The EU’s trade chief, Maros Sefcovic, will lead political negotiations on industries such as steel and aluminium, automobiles, pharmaceuticals, semiconductors and civilian aircraft, said the people, who spoke on the condition of anonymity. Those talks will happen in parallel with the technical discussions on tariffs and non-tariff barriers.
Last week, Trump threatened to impose a 50% tariff on the EU starting June 1 after complaining the bloc was slow-walking negotiations and unfairly targeting US companies with lawsuits and regulations. But the US president extended the deadline back to July 9 after a Sunday call with Commission President Ursula von der Leyen when she agreed to fast-track talks.
A spokesperson for the commission declined to comment.
Member states were briefed on the discussions on Monday after Sefcovic held a call with his US counterparts, Commerce Secretary Howard Lutnick and US Trade Representative Jamieson Greer, according to the people.
The industries that Sefcovic will focus on either have already been hit with US tariffs, or have been earmarked for future levies.

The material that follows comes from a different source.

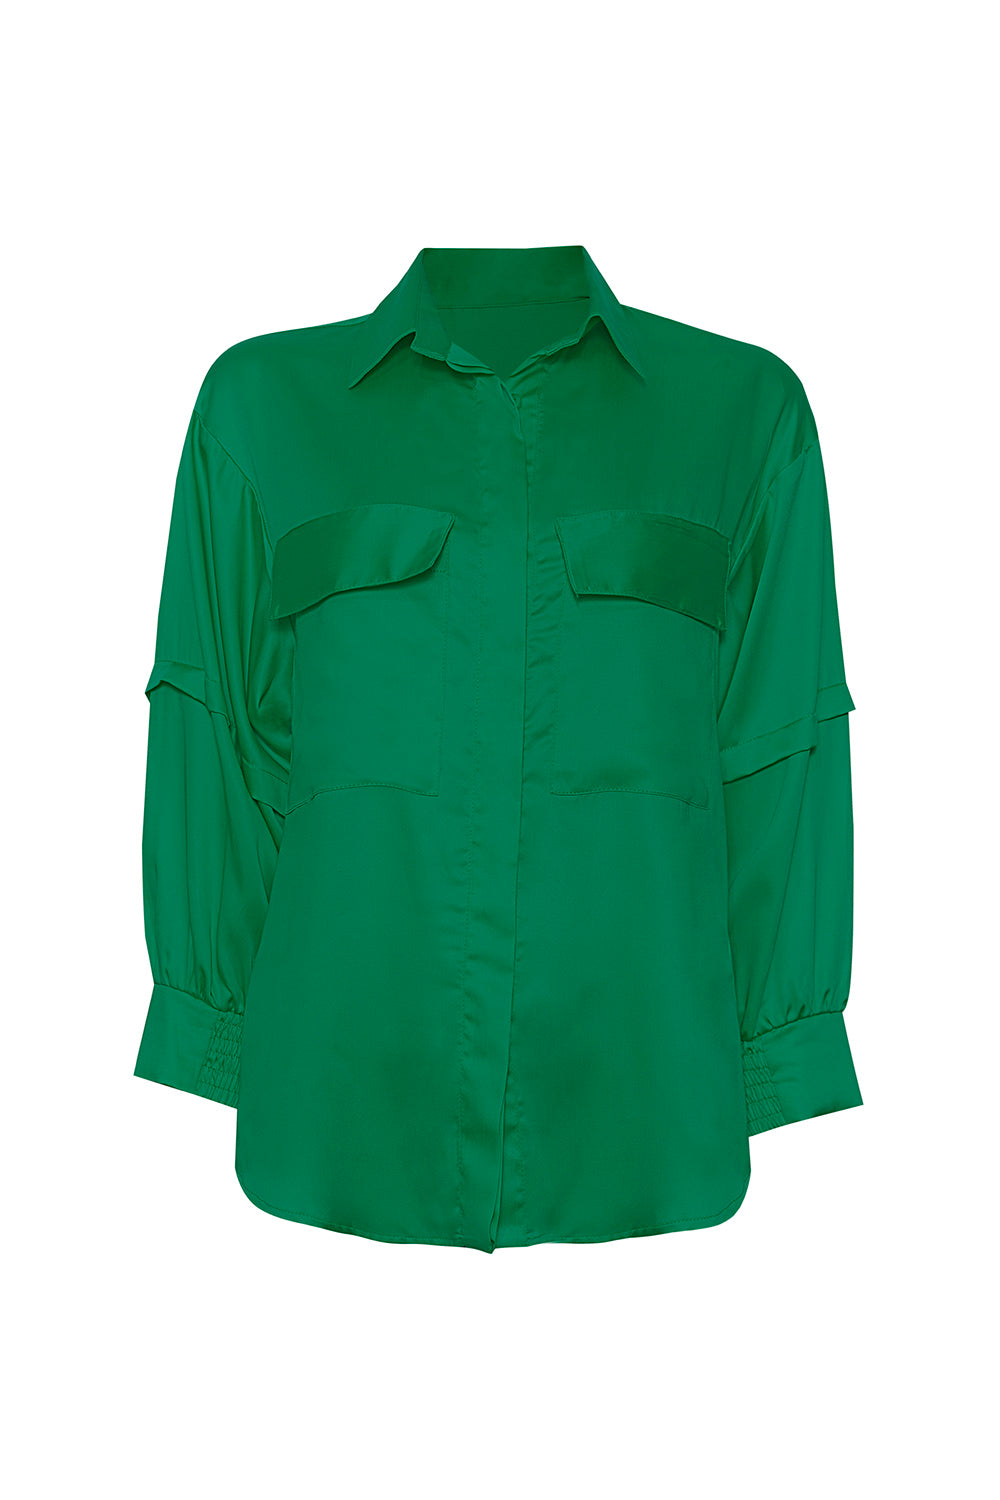 San Fermina Green Shirt

The EU has proposed deepening cooperation with the US in those sectors as part of a previous proposal shared with the US last week, Bloomberg reported.

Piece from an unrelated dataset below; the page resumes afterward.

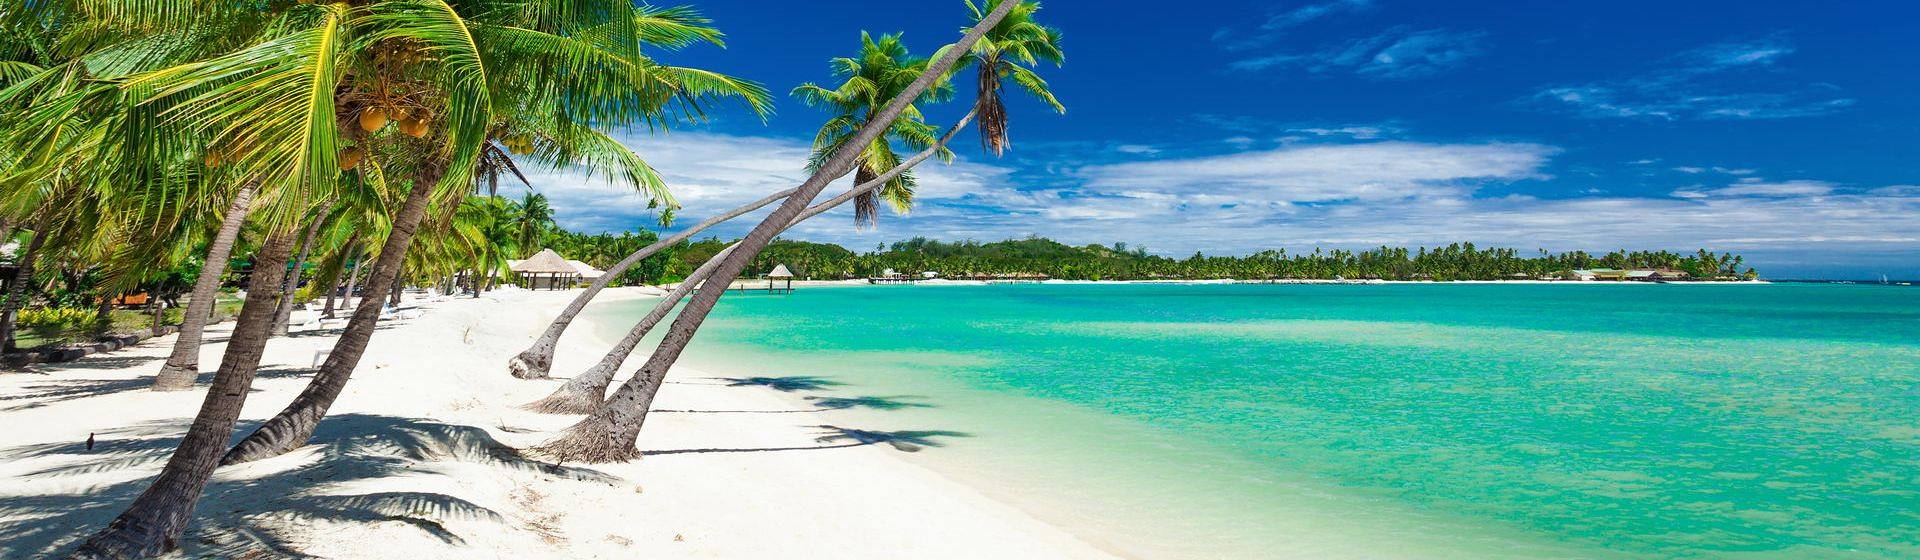 Holidays to Fiji Image

The EU offer last week — which also proposed mutually lowering tariffs on many goods and working together on global challenges as well as mutual investments and strategic purchases — was rejected by the US and triggered Trump’s threat of higher tariffs.
Any US unilateral demands that would impair the bloc’s autonomy in regulatory and tax matters are likely to remain red lines, the people said.

Talks so far have been beset with multiple problems, with no clear path to finding a middle ground. The Europeans have complained that it’s not clear what the US wants or even who speaks for the American president, and the US has said the EU unfairly targets US companies with lawsuits and regulations.
In parallel to ongoing talks with the Trump administration, the EU will continue to prepare countermeasures should negotiations fail to yield a satisfactory outcome, the people said.
The EU has approved tariffs on €21 billion (US$23.8 billion or RM100.8 billion) of US goods in response to Trump’s metals levies that can be quickly implemented. They target politically sensitive American states and include products such as soybeans from Louisiana, home to House Speaker Mike Johnson, as well as agricultural products, poultry and motorcycles.
The bloc is also preparing an additional list of tariffs on €95 billion of American products. Those measures, which are in response to Trump’s “reciprocal” levies and automotive duties would target industrial goods including Boeing Co aircraft, US-made cars and bourbon.
The EU has been urged by some member states to additionally prepare countermeasures to any further action the US president has threatened, including on semiconductors and the pharmaceutical sector.
Many EU officials and member states continue to believe that several of Trump’s tariffs will stay in place and the chances of a good deal remain slim, the people added.
“We want a quick solution now,” German Finance Minister Lars Klingbeil told reporters in Berlin Monday. He added that he was “cautiously optimistic” that an agreement could be found, without elaborating. Klingbeil said the EU must respond to tariff threats from the US in a united, coordinated and consistent manner.